Problem requirements: Nothing but the text of the listing, repeated exactly, belongs in the answer; leave the images out.

#### Given material ####

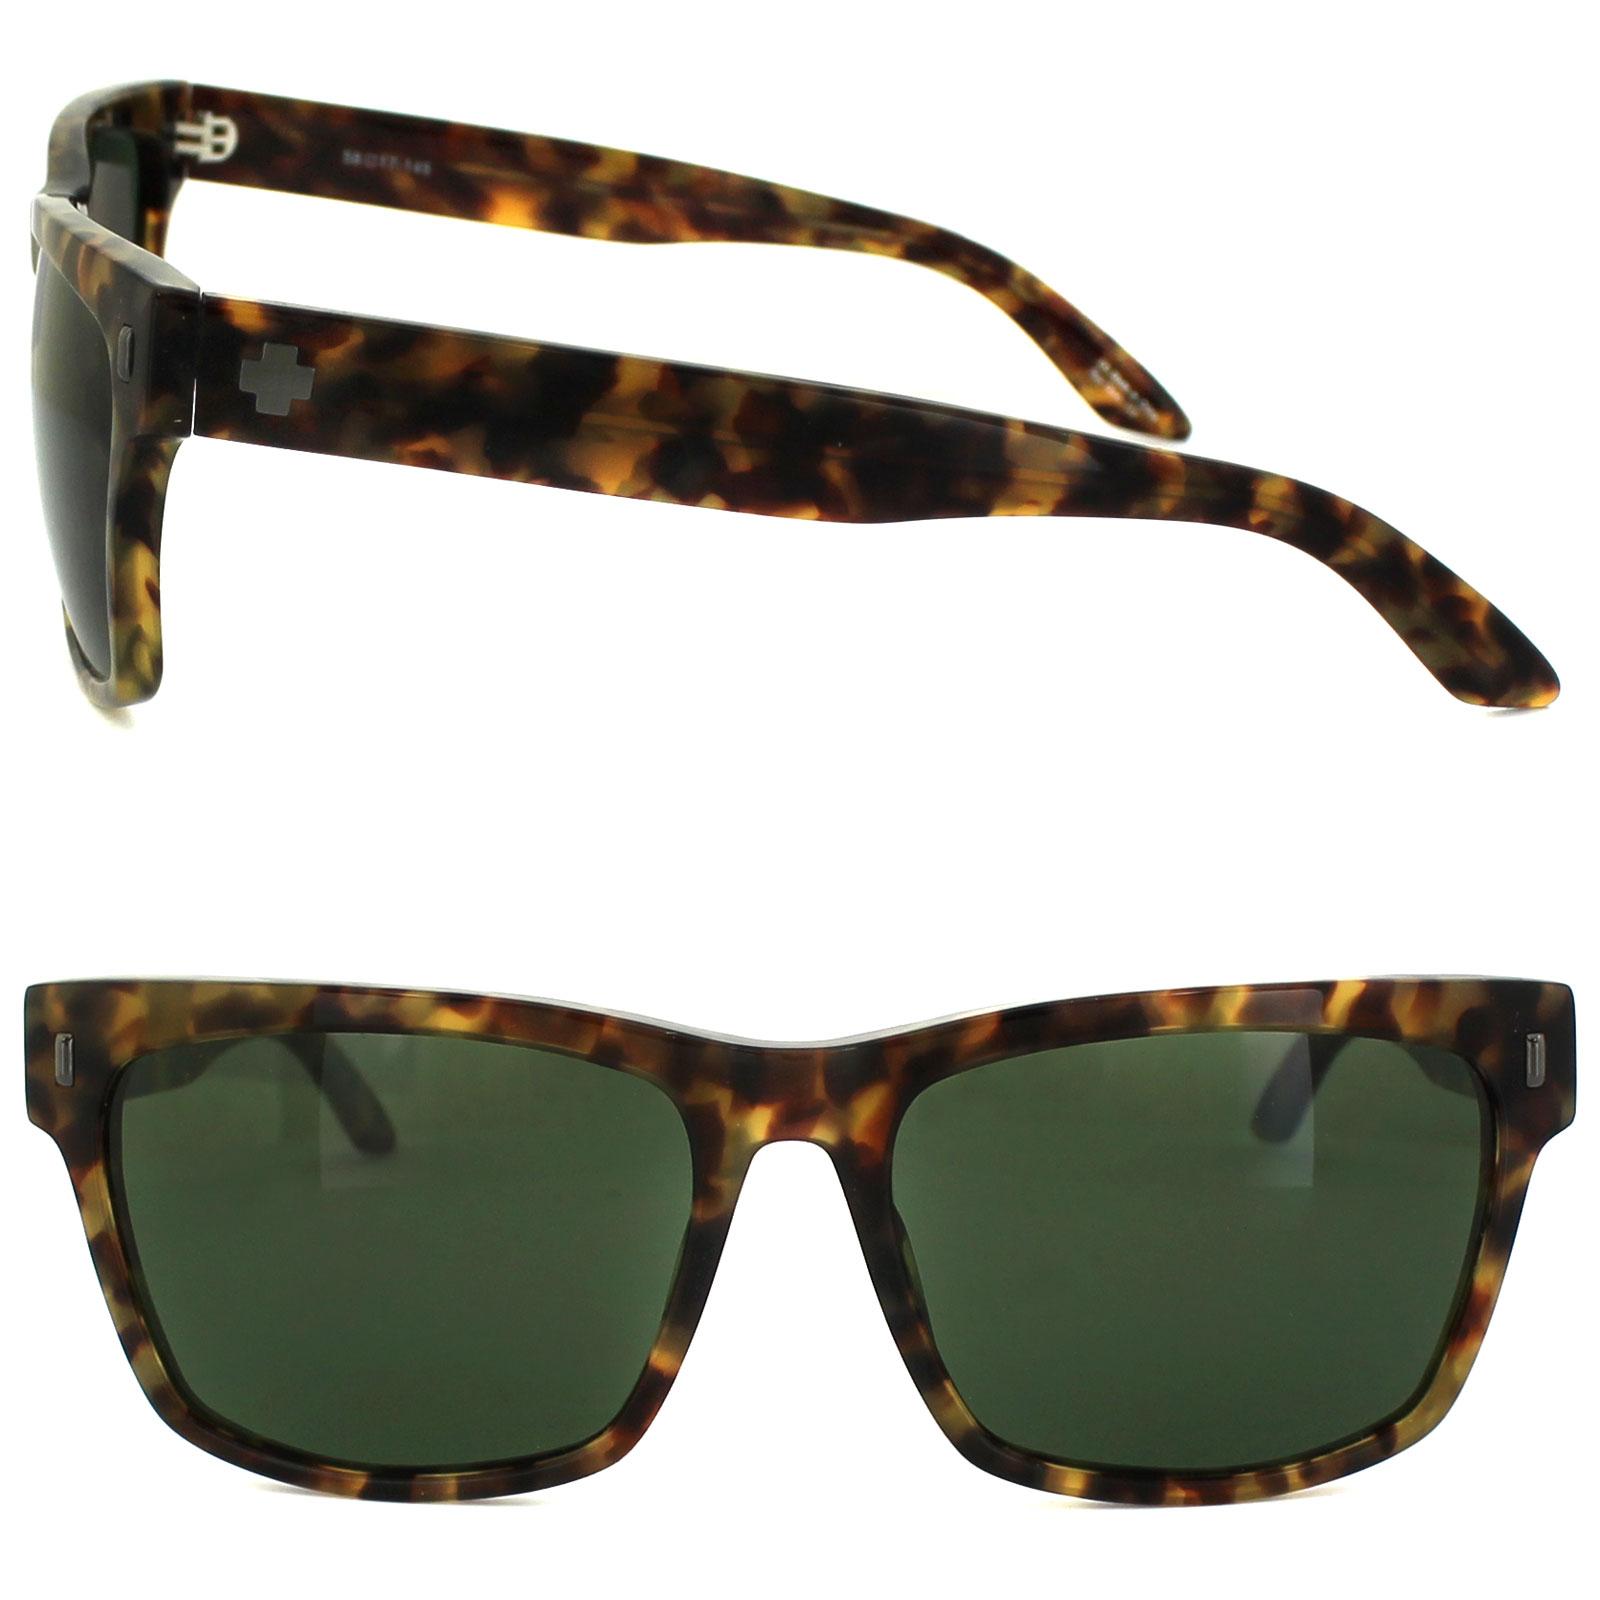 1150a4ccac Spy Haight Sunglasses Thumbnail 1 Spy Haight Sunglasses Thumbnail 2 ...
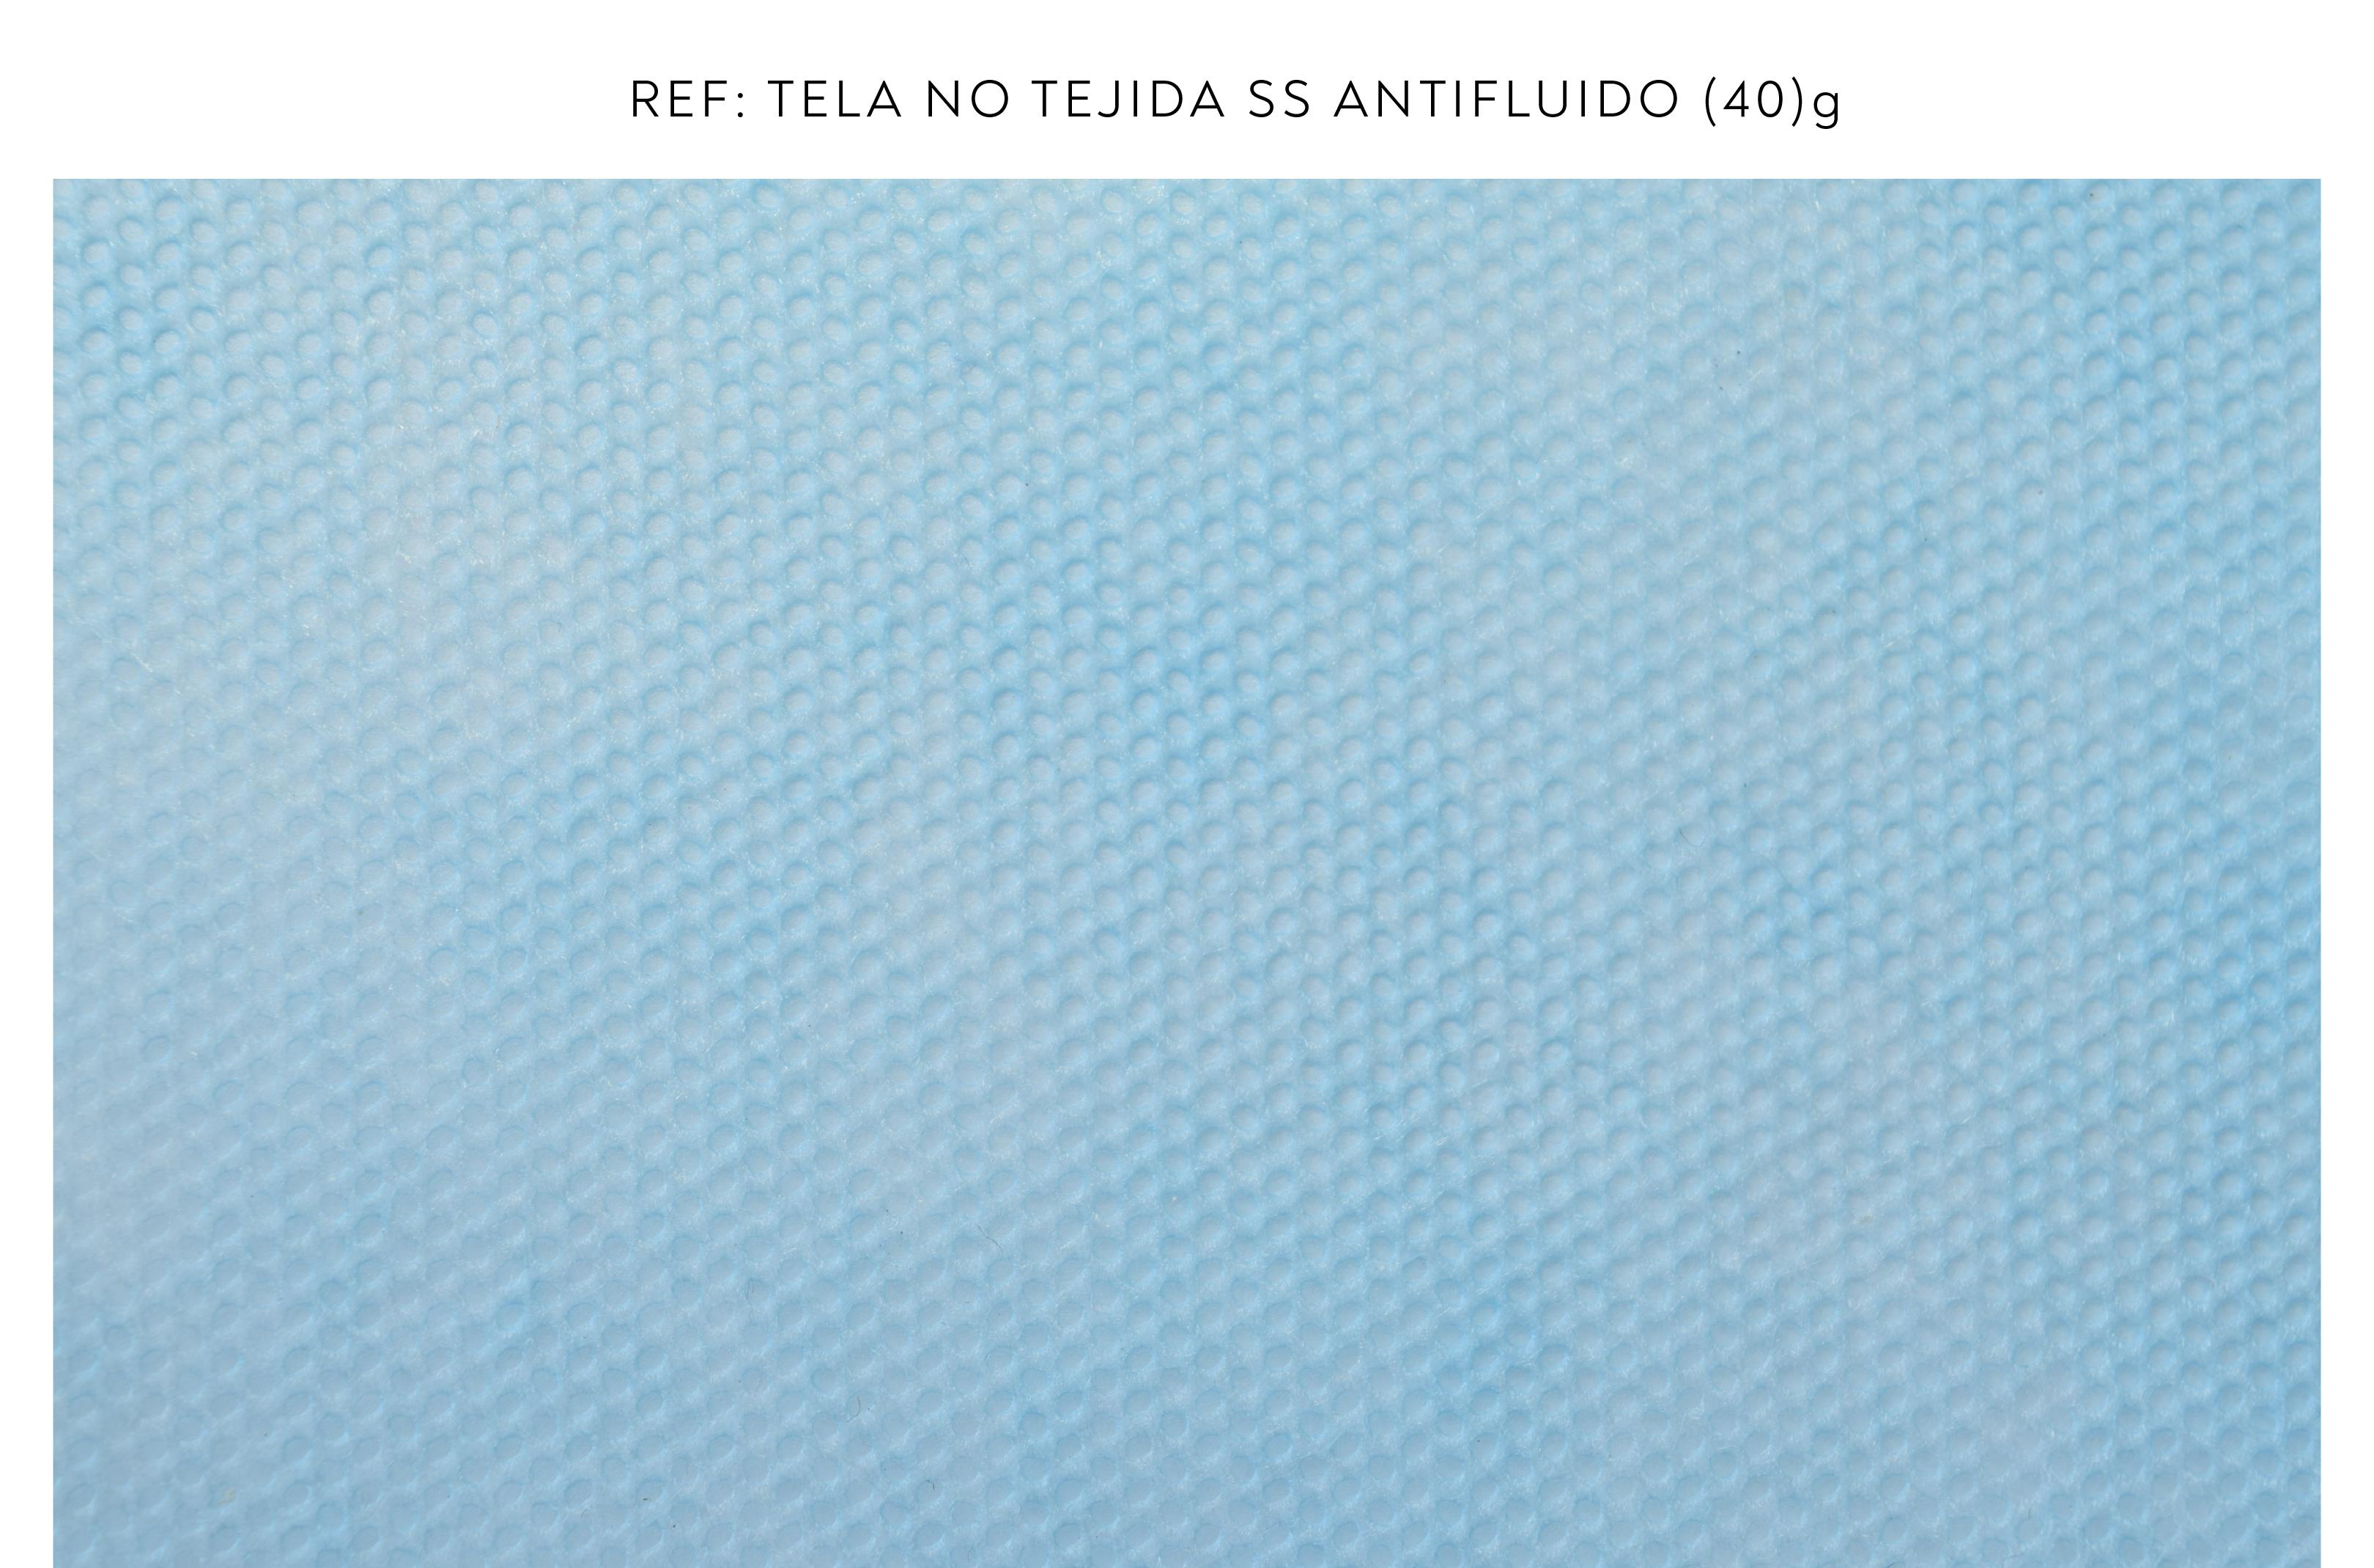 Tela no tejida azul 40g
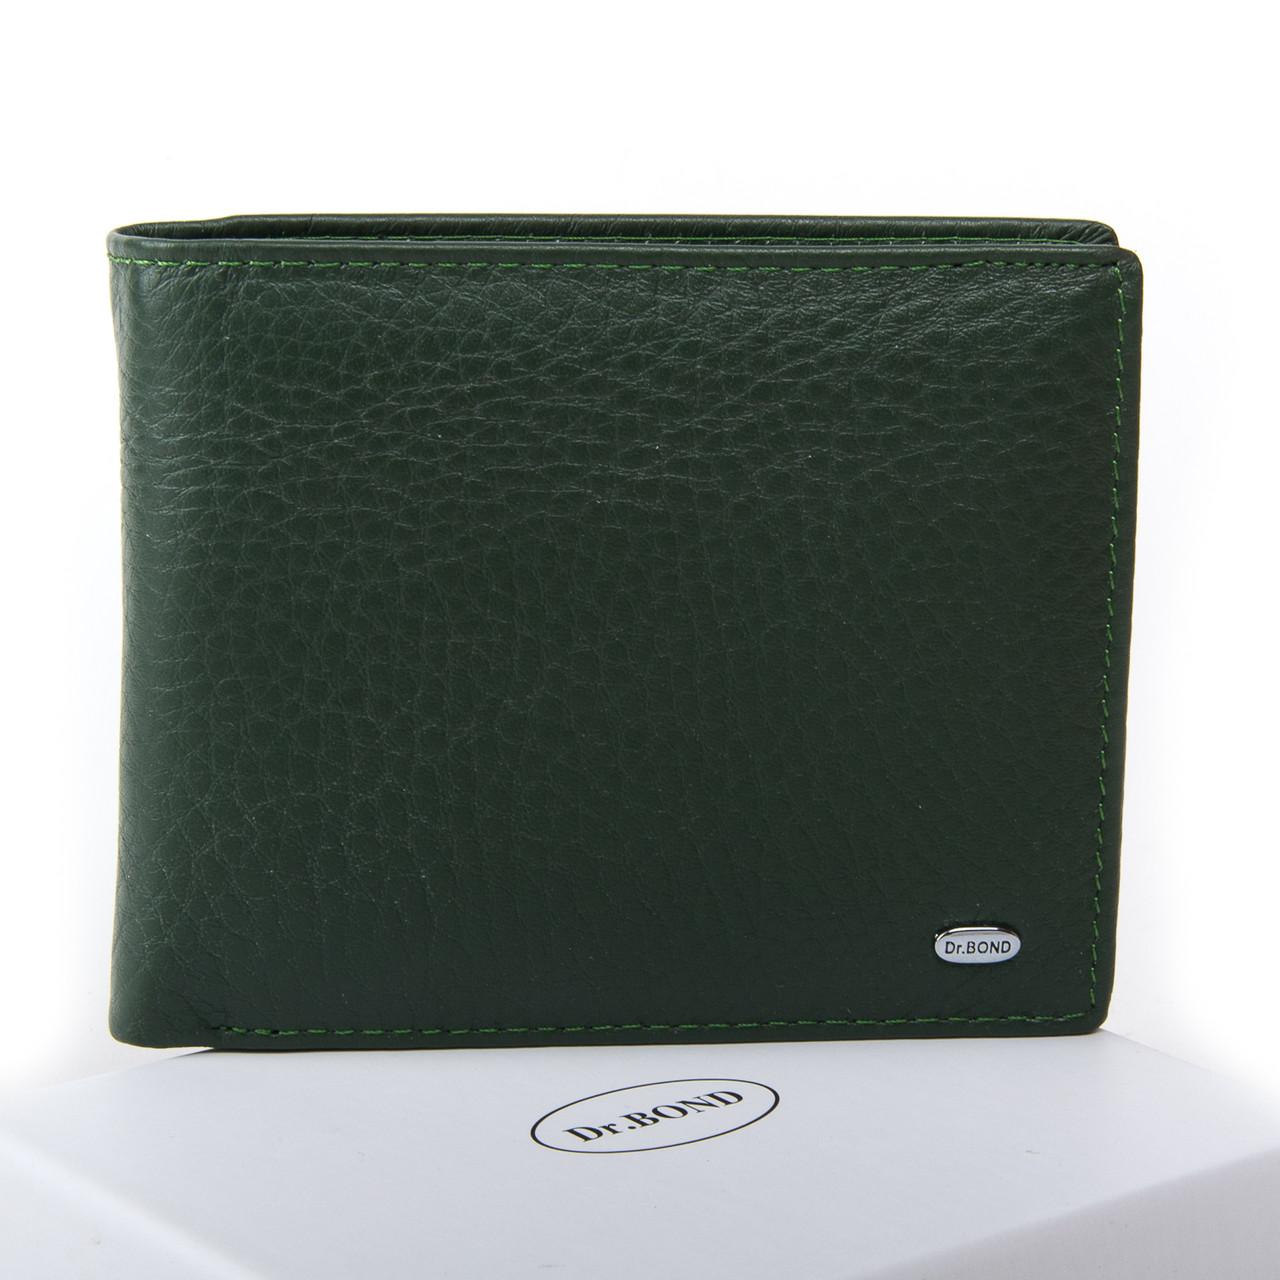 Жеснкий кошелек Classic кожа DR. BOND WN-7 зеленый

####

Response:
 1150a4ccac Spy Haight Sunglasses Thumbnail 1 Spy Haight Sunglasses Thumbnail 2 ...
 Tela no tejida azul 40g
 Жеснкий кошелек Classic кожа DR. BOND WN-7 зеленый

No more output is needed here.